Images should be omitted while the rest of the data is duplicated exactly.

━━━━━ Input data ━━━━━

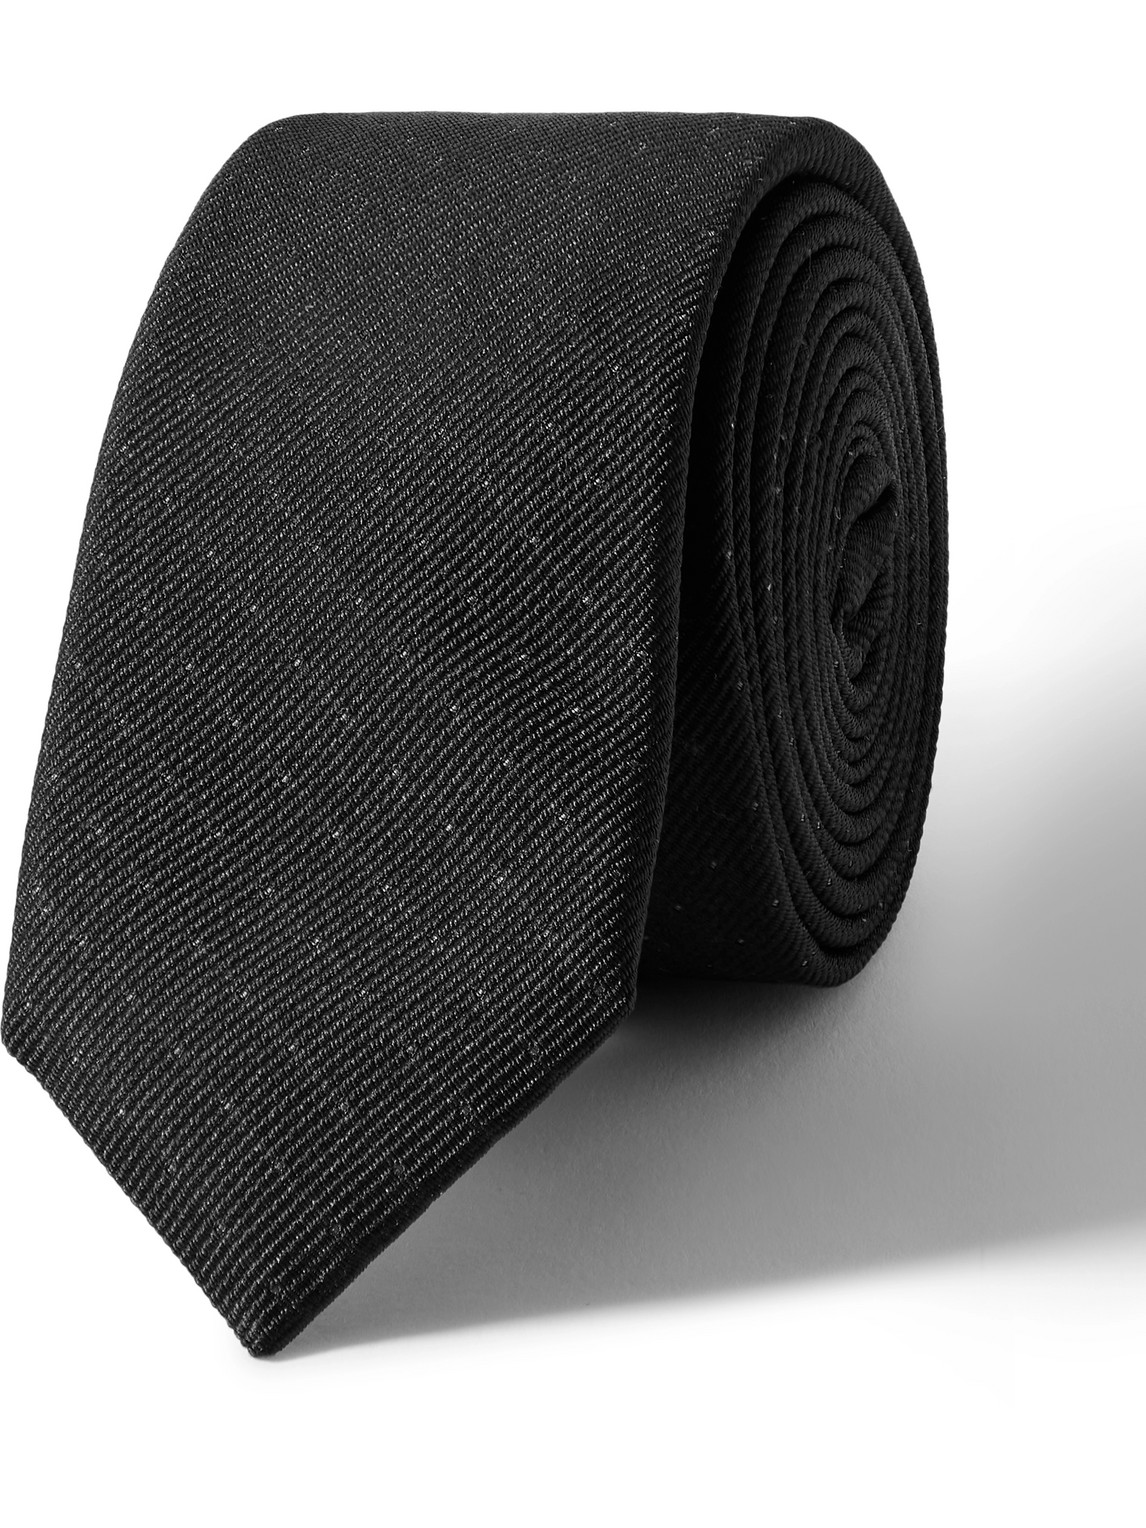 SAINT LAURENT - 5cm Polka-Dot Wool and Silk-Blend Jacquard Tie - Men - Black - L von SAINT LAURENT
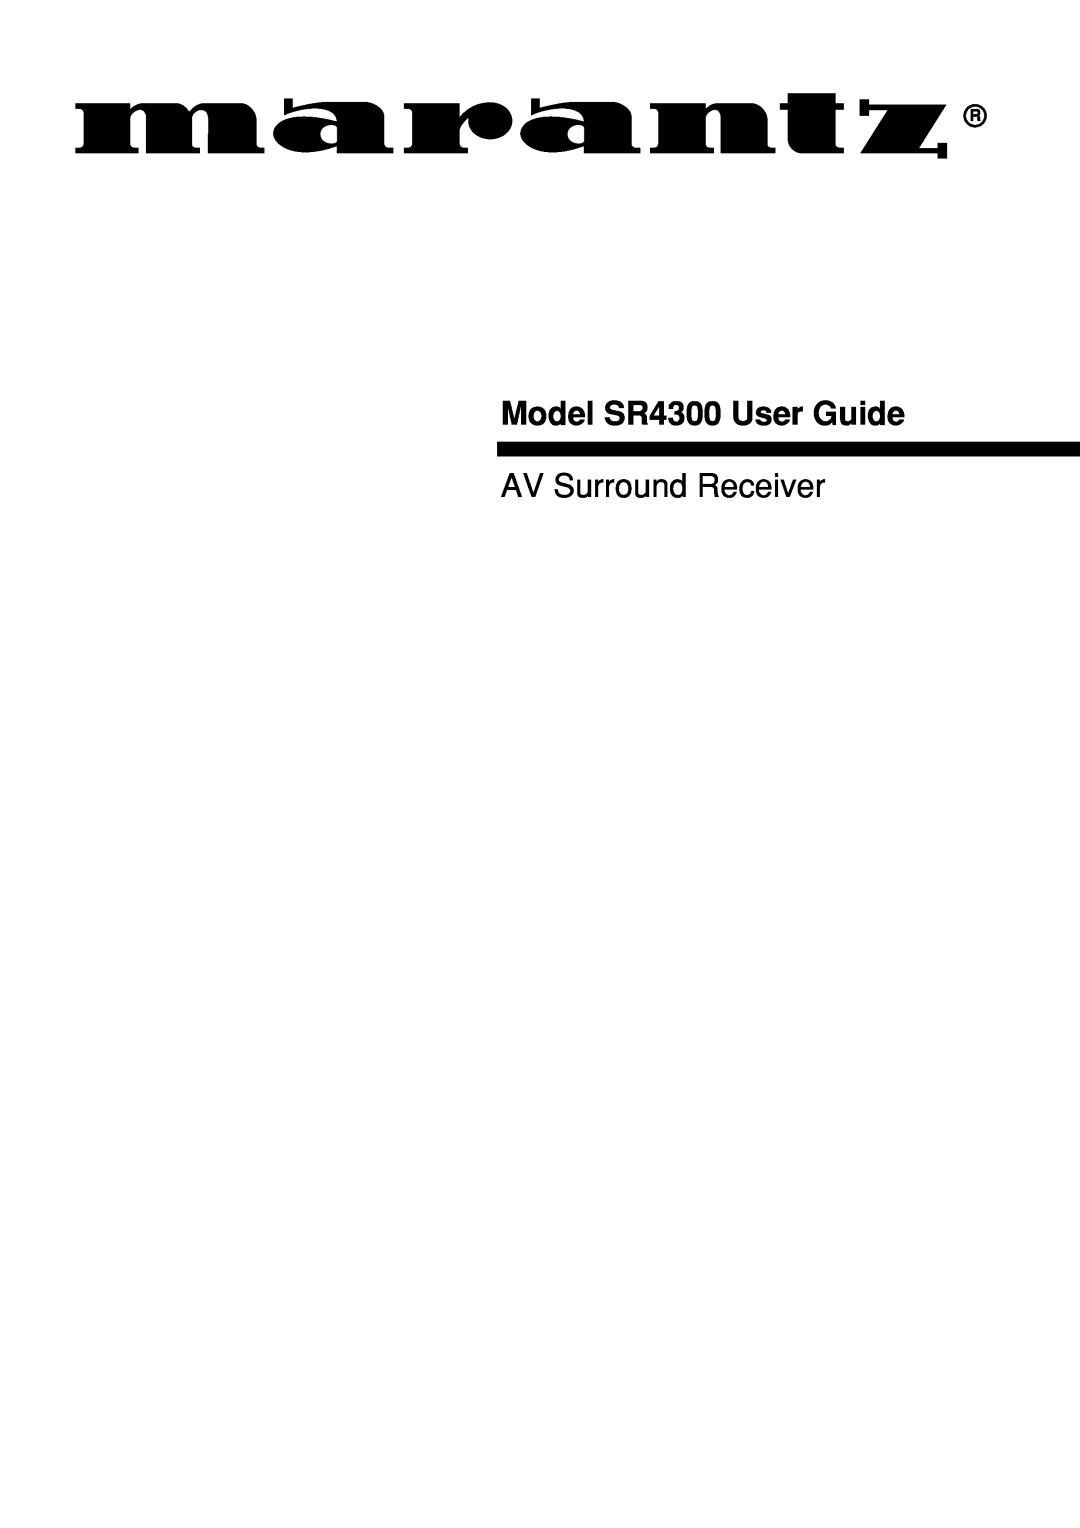 Marantz manual Model SR4300 User Guide, AV Surround Receiver 
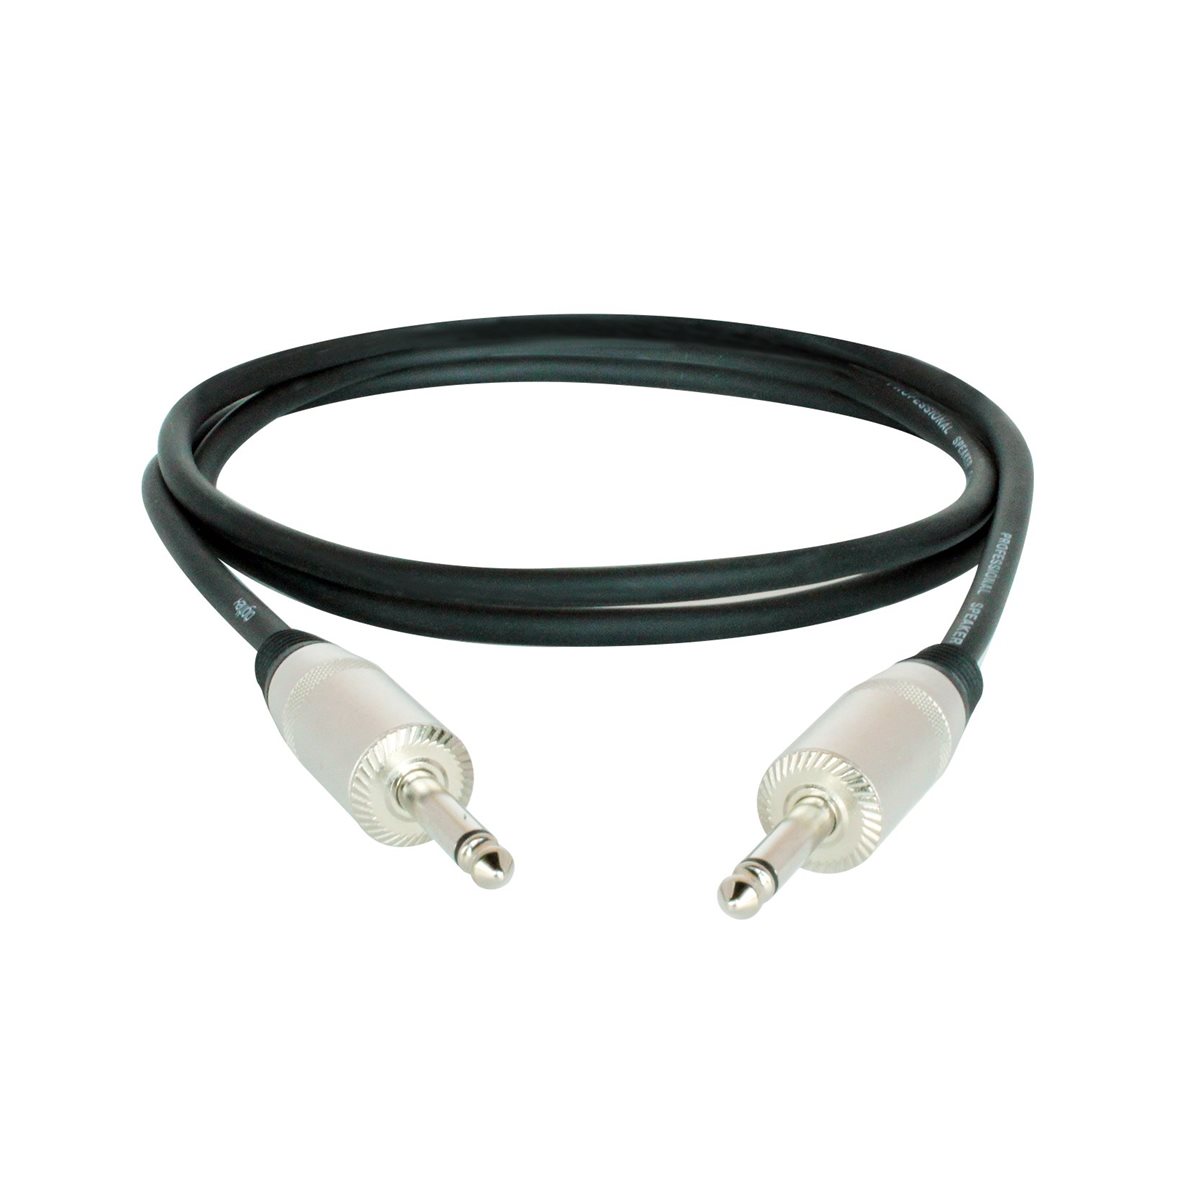 DIGIFLEX - HLSP-15 / 2-6 - HLSP Series, 1 / 4" Speaker Cables - 6 foot

━━━━━

* Answer to this task
 SAINT LAURENT - 5cm Polka-Dot Wool and Silk-Blend Jacquard Tie - Men - Black - L von SAINT LAURENT
 Marantz manual Model SR4300 User Guide, AV Surround Receiver 
 DIGIFLEX - HLSP-15 / 2-6 - HLSP Series, 1 / 4" Speaker Cables - 6 foot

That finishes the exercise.